I think something must be wrong here. Counterexample:
Suppose $$ f\left(\vec{r}_1, \vec{r}_2\right) = f\left(\left| \vec{r}_1 - \vec{r}_2\right|\right) = \exp\left(-\frac{1}{2}\frac{{\left|\vec{r}_1 - \vec{r}_2\right|}^2}{\epsilon^2}\right) $$ for some small $\epsilon$. Suppose the length scale of $V$ is much larger than $\epsilon$, and consider the quantity $$ g\left(\vec{r}_2\right) = \int_V d\vec{r}_1\, f\left(\vec{r}_1, \vec{r}_2\right)\, . $$ The integrand is a narrow Gaussian centered at $\vec{r}_2$. If $\vec{r}_2$ is more than several multiples of $\epsilon$ away from the boundary of $V$, then essentially all of the Gaussian is integrated over, and $$ g\left(\vec{r}_2\right) \approx {\left(2\pi \epsilon^2\right)}^{d/2}\, , $$ where $d$ is the dimensionality of the space. If $\vec{r}_2$ is on the boundary of $V$, then about half the Gaussian is integrated over, and we have $$ g\left(\vec{r}_2\right) \approx \frac{1}{2}{\left(2\pi \epsilon^2\right)}^{d/2}\, . $$
These bear no resemblance to (what appears to be) the asserted relationship $$ g\left(\vec{r}_2\right) = V\, f\left( \left| \vec{r}_2 \right| \right)\, . $$
What section of H&M does this appear in? I've got a copy of it around here somewhere. I'm wondering if perhaps the actual relationship might be $$ \int_V d\vec{r}_1 \int_V d\vec{r}_2\, f\left(\vec{r}_1-\vec{r}_2\right) = V \int_V d\vec{r}_1\, f\left(\vec{r}_1\right)\, , $$ which should be perfectly valid so long as $f$ is sufficiently strongly peaked or localized. Since it's H&M, I would imagine that $f$ is something like $f(r) = \exp\left[-U(r)/k_B T\right]$ or $f(r) = 1 - \exp\left[-U(r)/k_B T\right]$, where $U$ is an intermolecular potential?
Response to Update:
The thing to keep in mind is that there are some assumptions implicit in H&M that are relevant here. These integral identities don't apply to just any radial function, but only to the sort relevant in molecular thermodynamics. This assumes that the function $f(\vec{r})$ varies on a molecular length scale $\epsilon$, and that the domain of integration $V$ is more like a macroscopic length scale. So we have a radical difference of scales here. Outside a length scale $\epsilon$, the function $f$ will typically be either zero or constant. Under these assumptions, some of these integral "identities" are approximately true.

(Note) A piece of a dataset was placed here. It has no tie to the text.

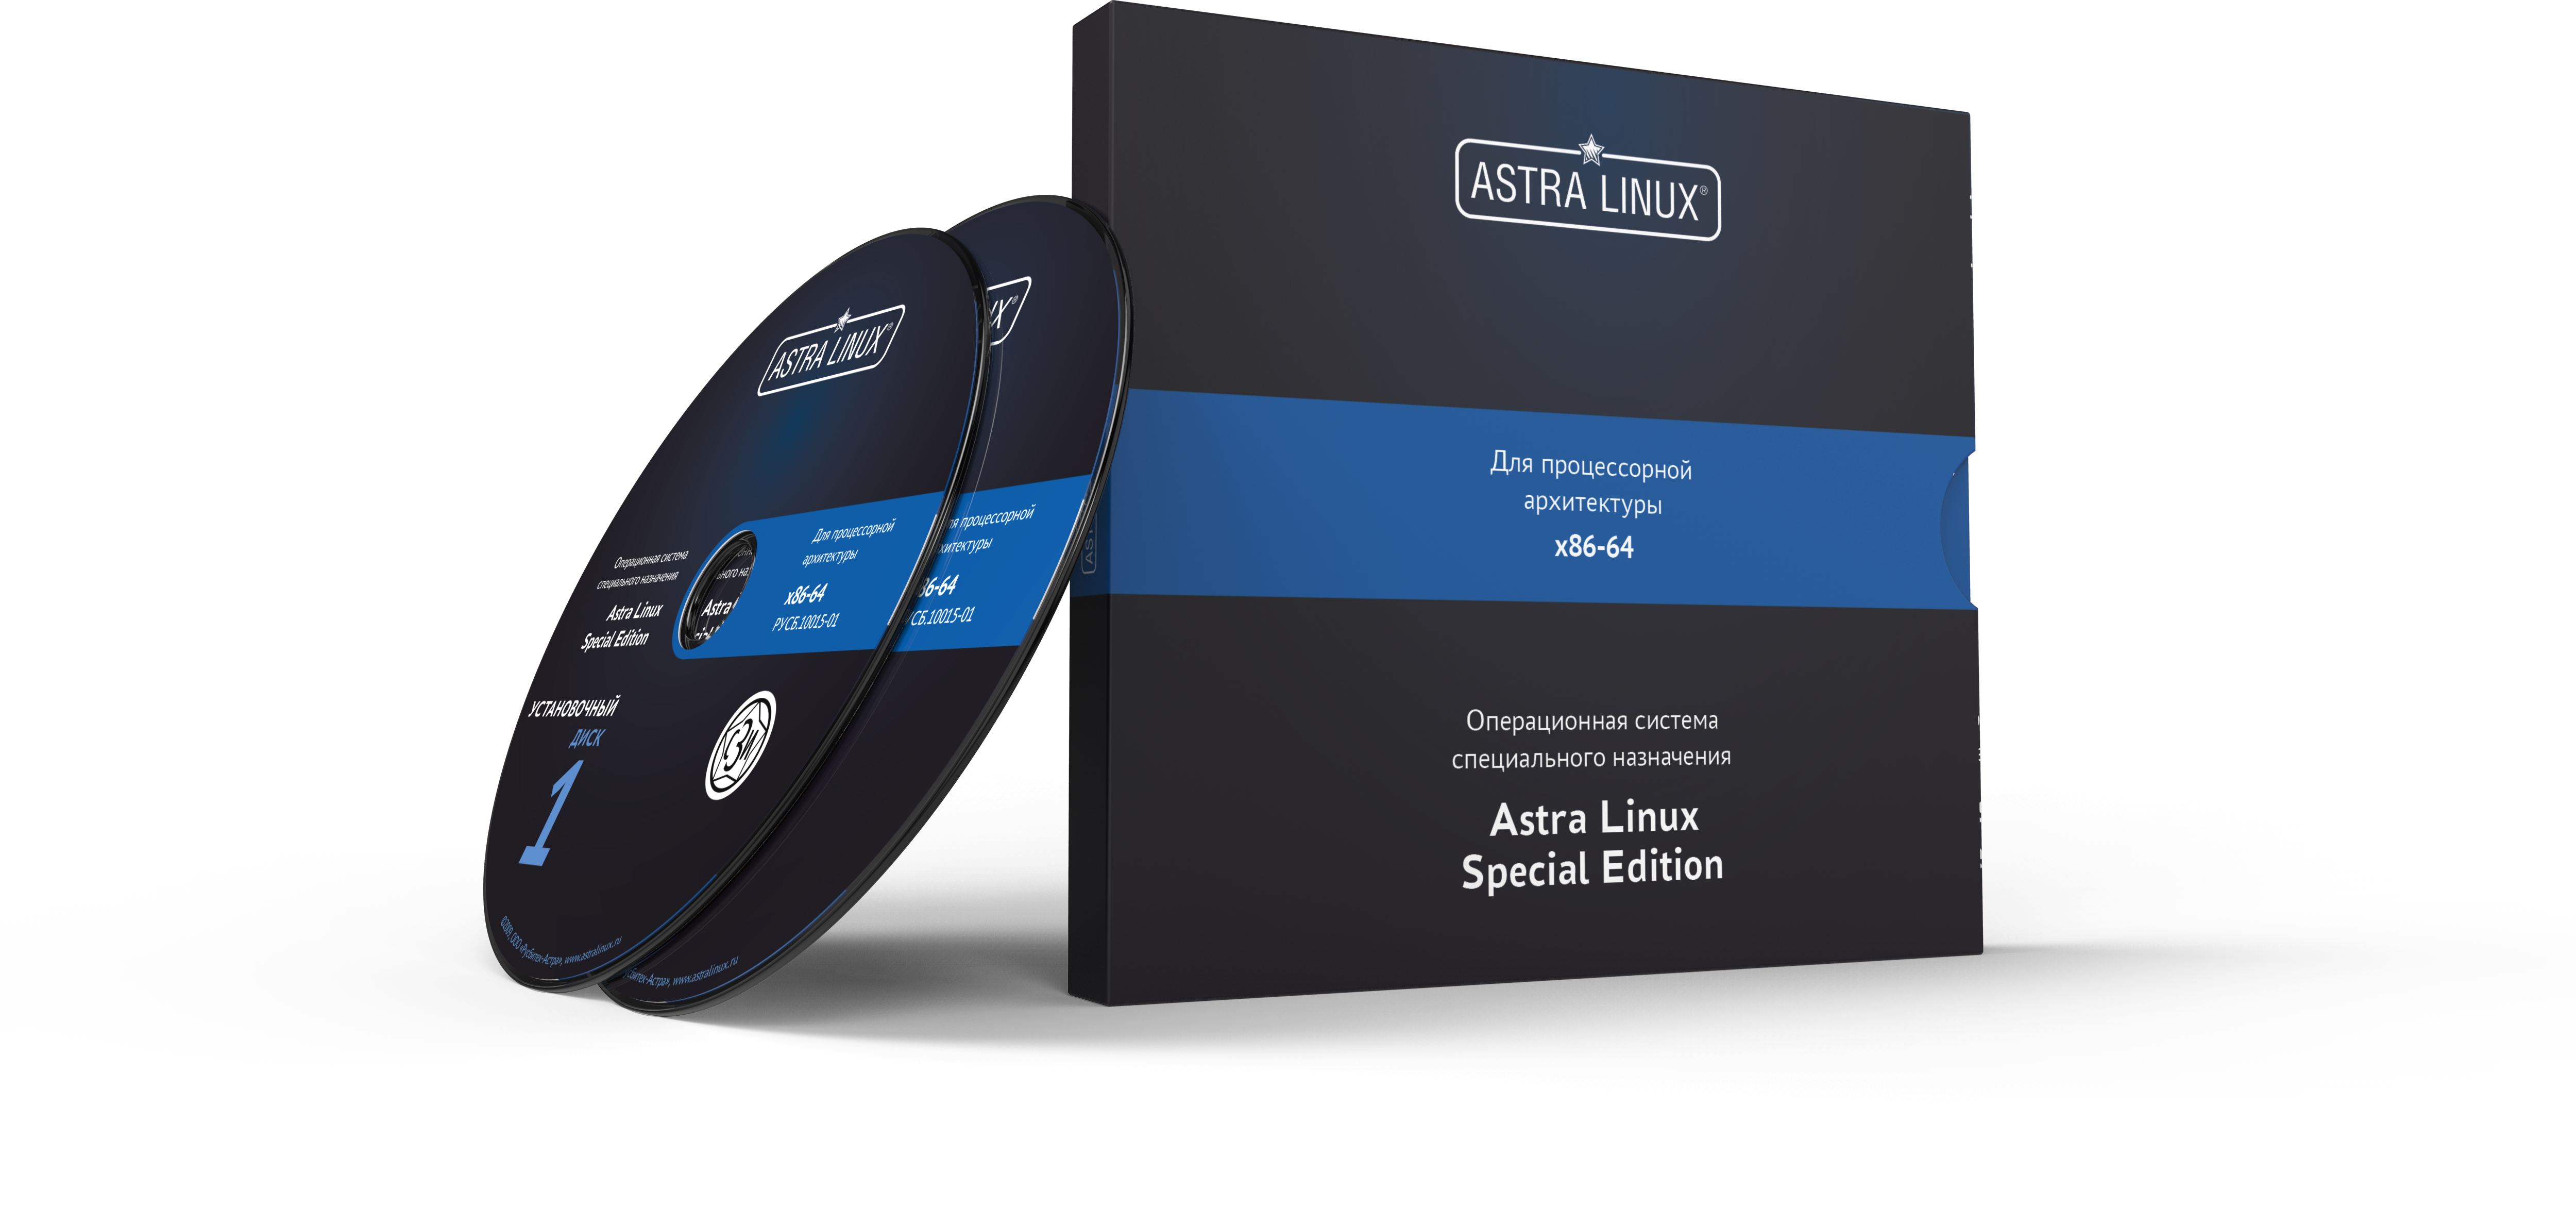 Astra Linux Special Edition 1.7 - Орел, электронный, на 12 мес., ТП "Привилегированная" на 12 мес.
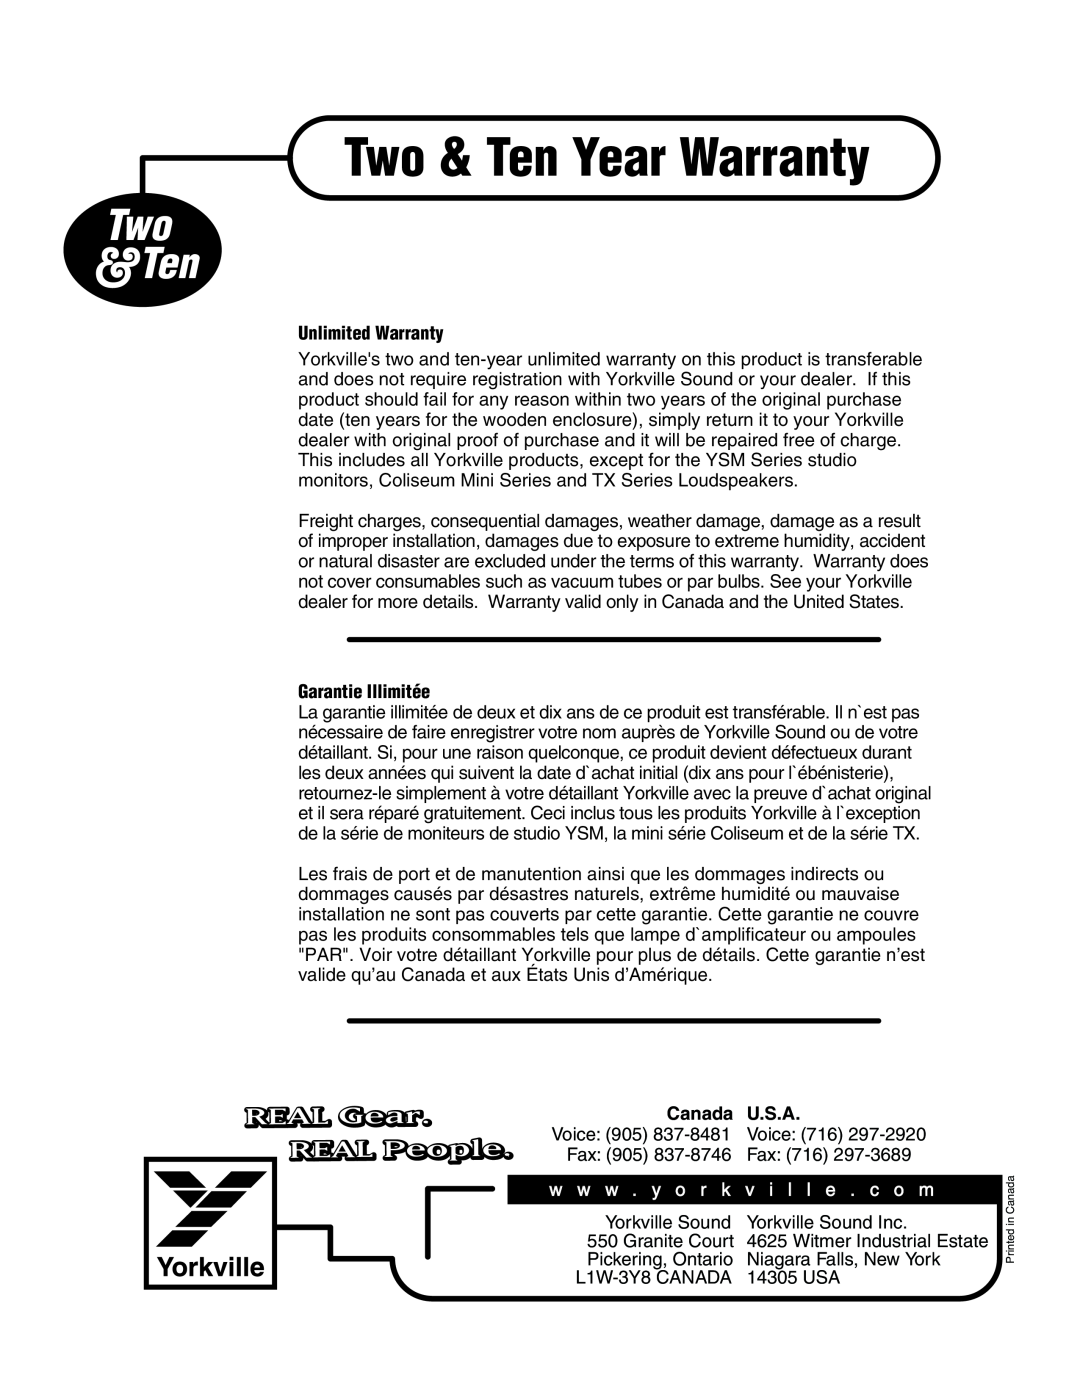 Yorkville Sound E160P Two & Ten Year Warranty, Two &Ten, REAL Gear, REAL People, Unlimited Warranty, Garantie Illimitée

I'm not going to get into H&M Equations (2.5.15) and (2.5.18) copied above. They depend on the precise definition of the two-particle distribution function, which is beyond the scope of a math.stackexchange post.
I do want to address the last part of your update. Define: $$ g(y) = \int_I dx\, f(x - y)\, . $$ Here $I$ is an interval of length $L$, and we assume that $f$ is compactly supported (more or less) over an interval of length on the order of $\epsilon$, a small number. An example would be: $$ f(x) = \exp\left(-\frac{1}{2}\frac{x^2}{\epsilon^2}\right)\, . $$ By the same argument as above, $$ g(y) = \mathrm{constant} \approx \int_{-\infty}^{+\infty} dx\, f(x) $$ unless $y$ is within a distance of about $\epsilon$ of one of the boundaries of $I$. Thus the assertion in the original post is actually wrong, even for H&M-type functions, and isn't what is being used in the equations from H&M.
However: \begin{align} \int_I dy\, g(y) &\approx \int_I dy \int_{-\infty}^{+\infty} dx\, f(x) \\ &\approx L \int_I dx\, f(x) \;+\; \text{An error of order $\epsilon$}\, . \end{align} Here I've implicitly assumed that the domain $I$ is sufficiently "centered" that $$ \int_{-\infty}^{+\infty} dx\, f(x) \approx \int_I dx\, f(x)\, . $$ As long as $f$ falls off sufficiently rapidly (i.e. don't try this with particles mediated by a Coulomb potential!), we can ignore the error term, and the "double integral" identity should approximately hold.
Update to address Equation 2.5.15 above:
Theory of Simple Liquids can be found here on Google Books. The relevant page is 31.
I've gone over the steps leading to equation 2.5.15, and I don't think it makes sense as written. I'm convinced it's a typo. 2.5.15 doesn't seem to follow from 2.5.14. I think the argument of the integral in 2.5.15 is supposed to be: $$ g^{(2)}_N(r' + r, r') = g^{(2)}_N\left(\left|r' + r - r'\right|\right) = g^{(2)}_N\left(\left|r\right|\right) = g(r) $$ That makes much more sense to me, and leads to the desired result.